On 23 February 2024, the OHCHR stated that any transfer of weapons to Israel must be halted immediately as their use in Gaza is "likely to violate international humanitarian law". On 27 March, Albanese stated that there are "reasonable grounds" to believe that Israel is committing genocide in Gaza through the use of unlawful weaponry, the destruction of civilian infrastructure and man made starvation, which has been accompanied by "a pervasive anti-Palestinian narrative and dehumanization emanating from the uppermost tiers of Israeli society." In March 2024, Betancur stated the world "must abandon the fiction that Israel will respect the principles of international humanitarian and human rights law in its military operations". Balakrishnan Rajagopal, the UN special rapporteur on the right to adequate housing, stated Israel's destruction of housing and civilian infrastructure amounted to a war crime and crime against humanity. (Note: Rajagopal stated, "If the International Criminal Court does not act very soon, we need a special tribunal for Gaza and action by States".) UN Human Rights chief Volker Türk stated Israel's collective punishment and forcible evacuation of Gazans were both war crimes.
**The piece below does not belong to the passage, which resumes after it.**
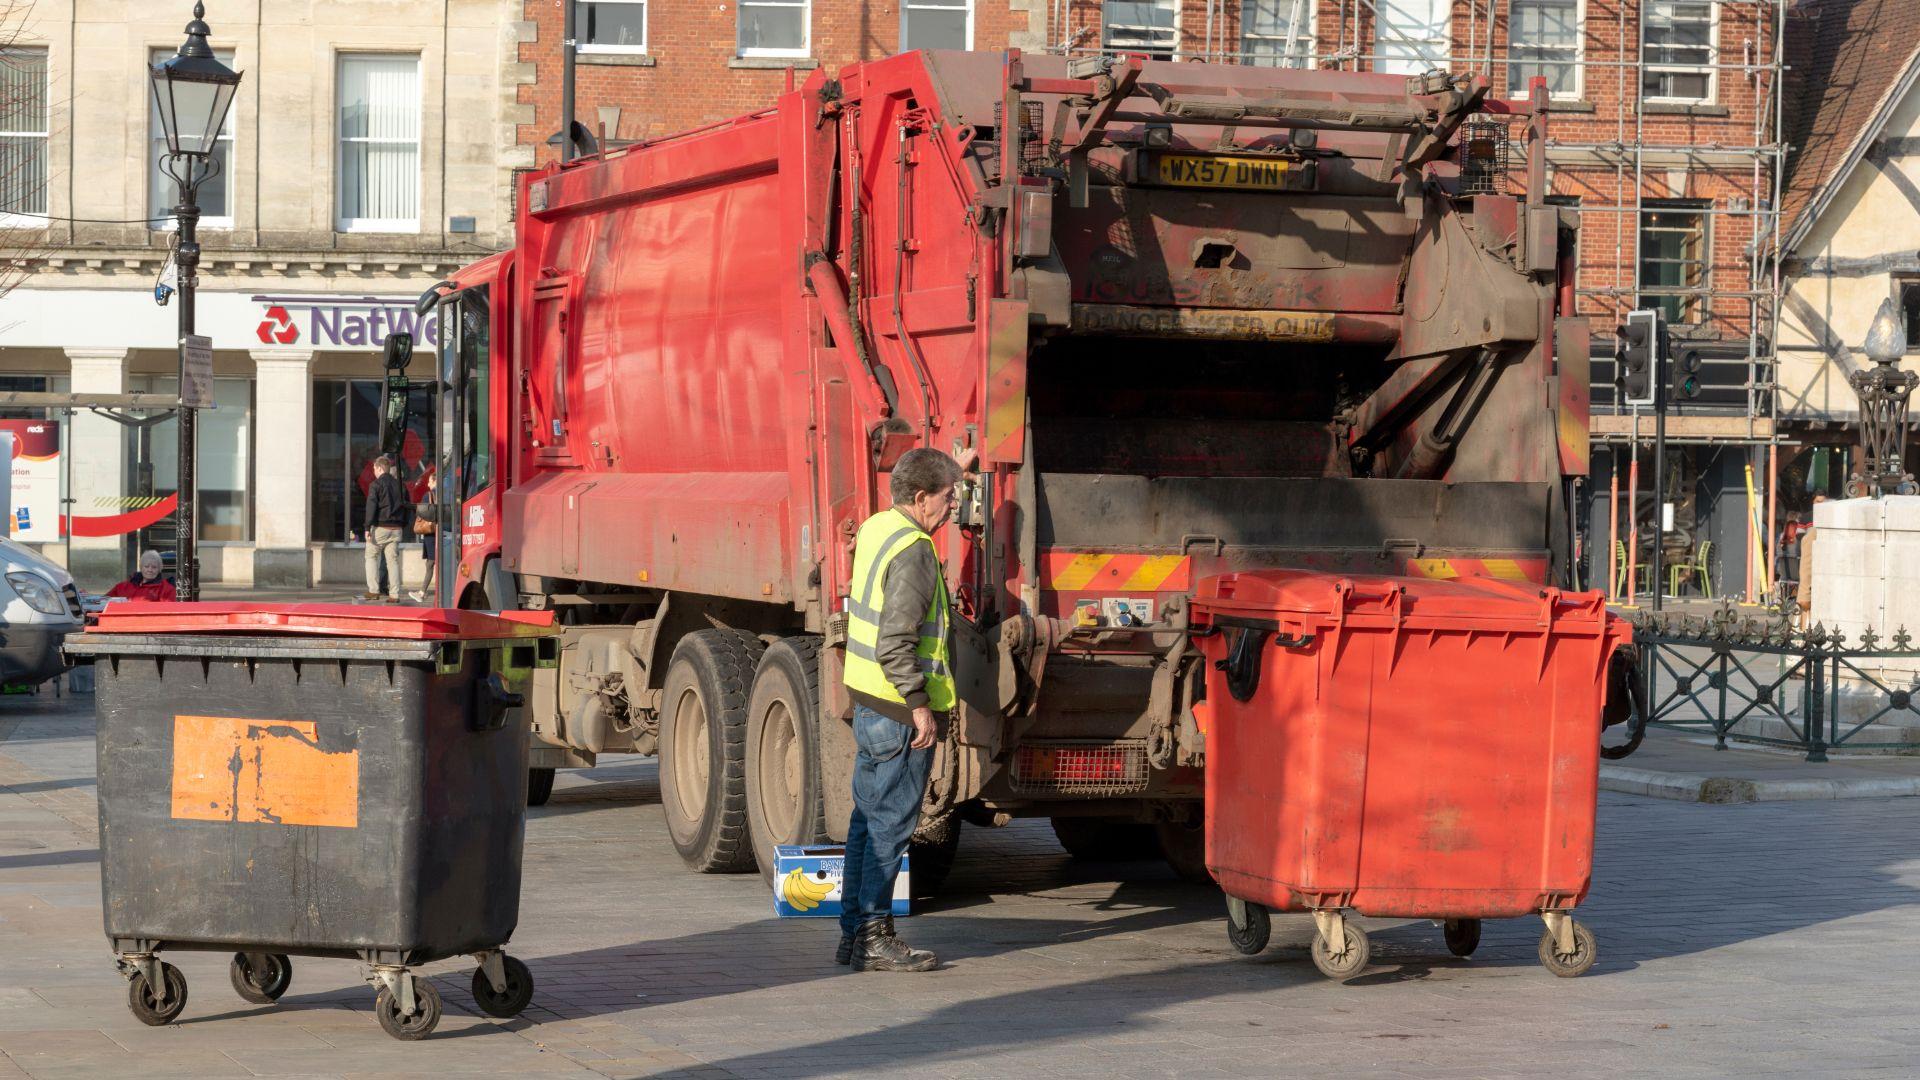 Bin lorries to play ice cream van music

According to UNRWA, its staff faced "torture, ill-treatment, abuse, and sexual exploitation" at the hands of Israeli authorities. The organization also accused Israel of extracting forced confessions from its staff of being involved with Hamas through torture.

A group of UN experts warned of "a genocide in the making" in Gaza. Pedro Arrojo-Agudo, the UN special rapporteur on water and sanitation, stated that under Article 7 of the Rome Statute, cutting off basic supplies, such as water, was a crime against humanity. Martin Griffiths stated the humanitarian crisis in Gaza was intolerable and that "international humanitarian law appears to have been turned on its head". Philippe Lazzarini called Israel's killing of United Nations workers a "blatant disregard of international humanitarian law". The United Nations special rapporteurs on extrajudicial executions and torture signed a joint statement urging a war crimes investigation. The OHCHR stated it had "serious concerns" about Israel's compliance with international law. Tlaleng Mofokeng, the special rapporteur on health, stated Israel had violated special medical protections in an "unrelenting war" on health.

Speaking about Israel's planned Rafah offensive, the UN secretary-general Antonio Guterres stated, "International humanitarian law lies in tatters". A week later, Guterres condemned Israel's blocking of humanitarian aid, stating, "Nothing justifies the collective punishment of the Palestinian people". In September 2024, Guterres stated Israel had committed "very dramatic violations of the international humanitarian law" and described a "total absence of an effective protection of civilians."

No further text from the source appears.